Entries provided |
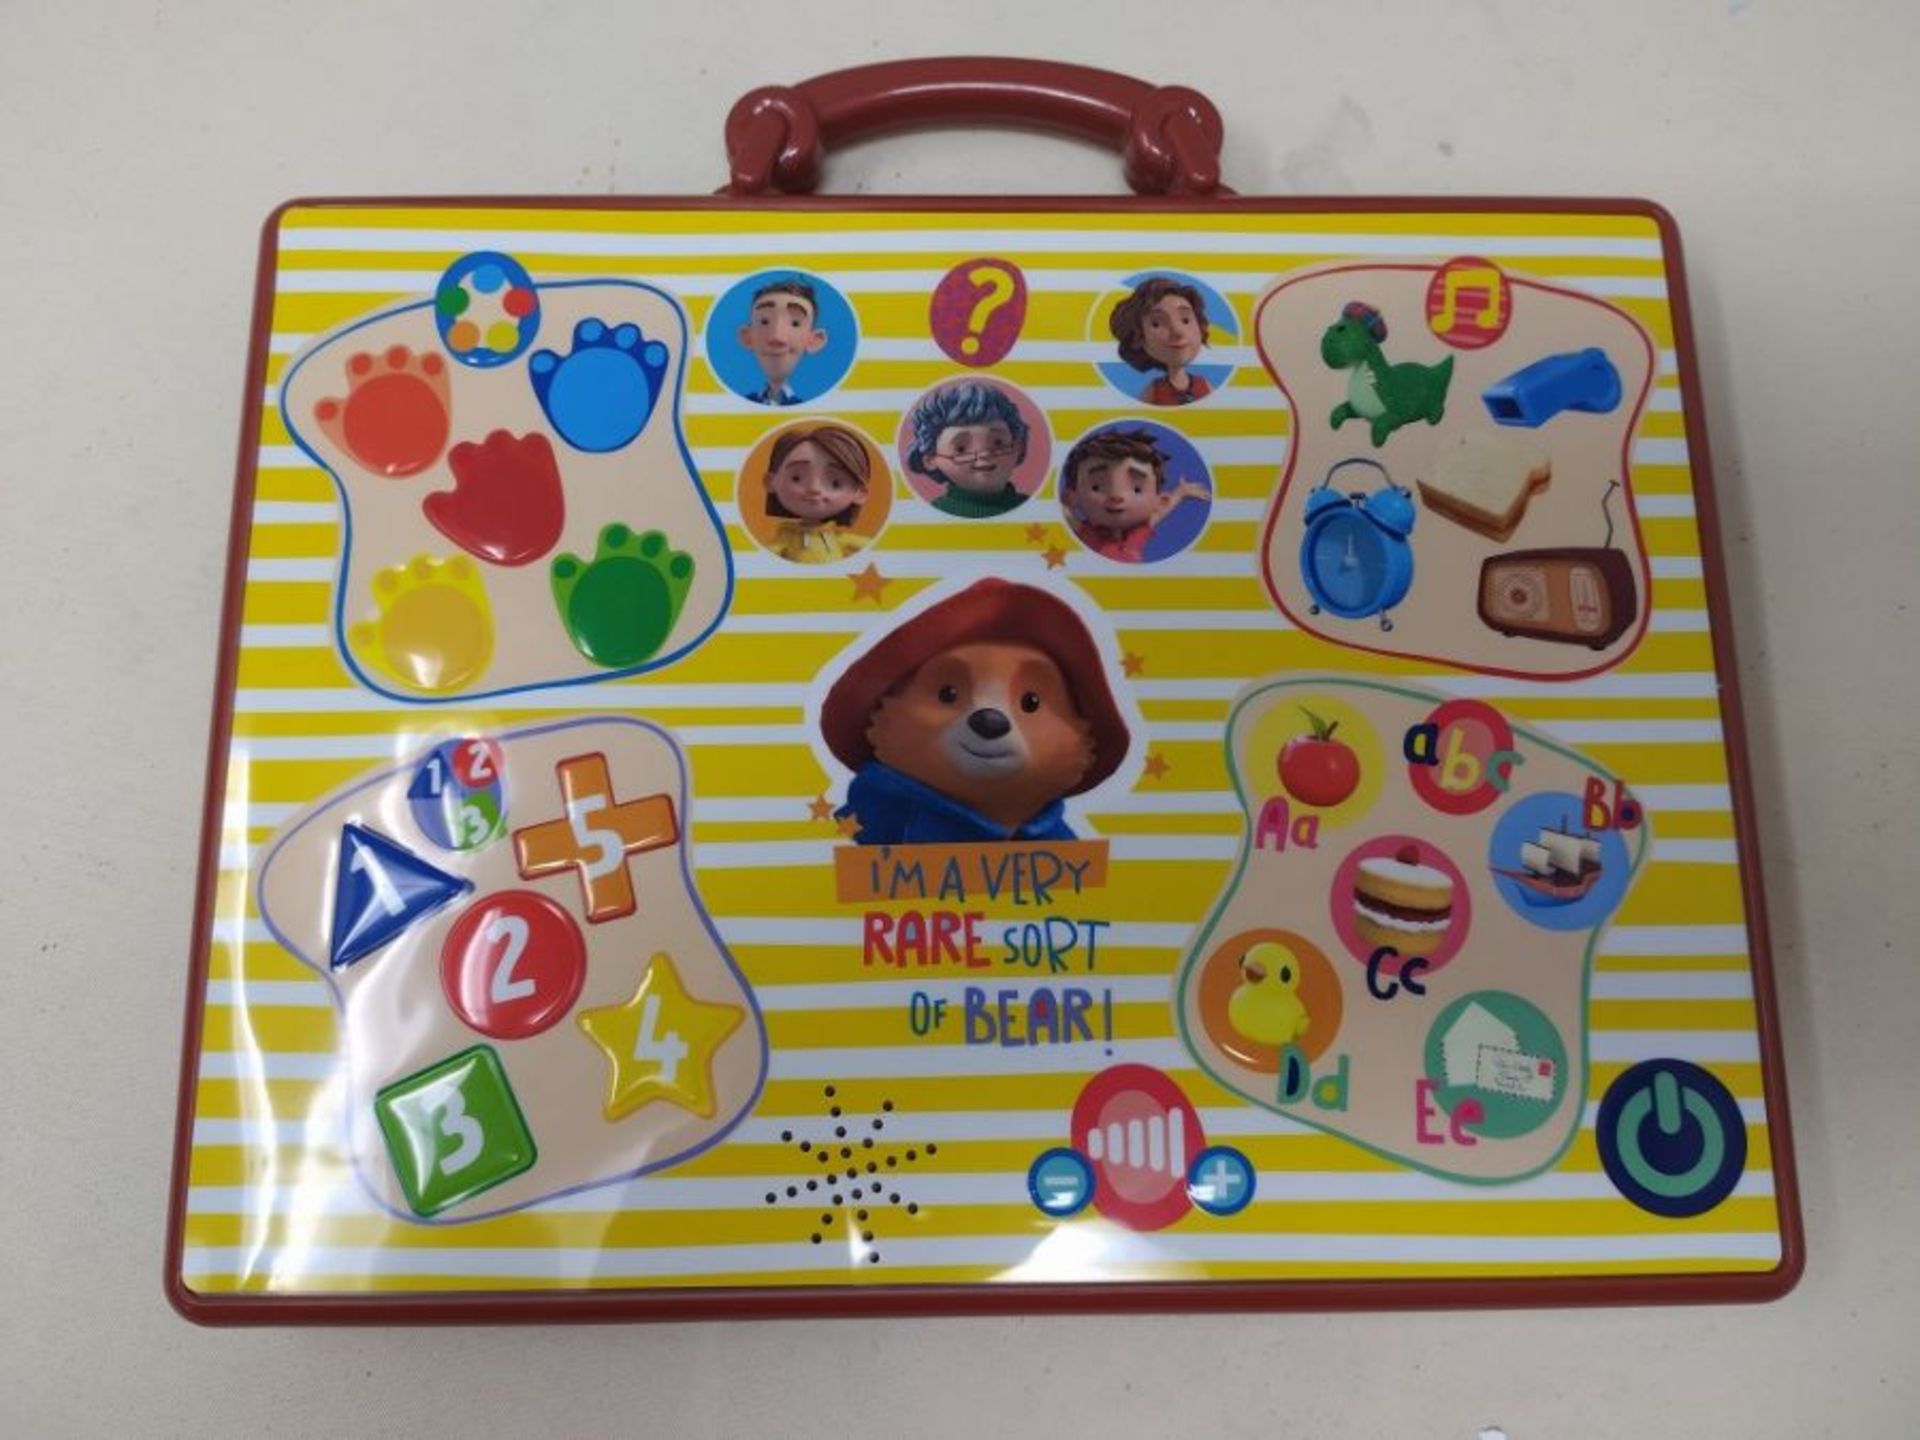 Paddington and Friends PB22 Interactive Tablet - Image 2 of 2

==

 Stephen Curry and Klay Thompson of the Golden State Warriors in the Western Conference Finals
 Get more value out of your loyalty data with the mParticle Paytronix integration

What you need to do | Working from the material above, retype exactly the lines from the one with "Stephen Curry and" through the one with "Get more value", both included, and only those lines.

Your response |
 Stephen Curry and Klay Thompson of the Golden State Warriors in the Western Conference Finals
 Get more value out of your loyalty data with the mParticle Paytronix integration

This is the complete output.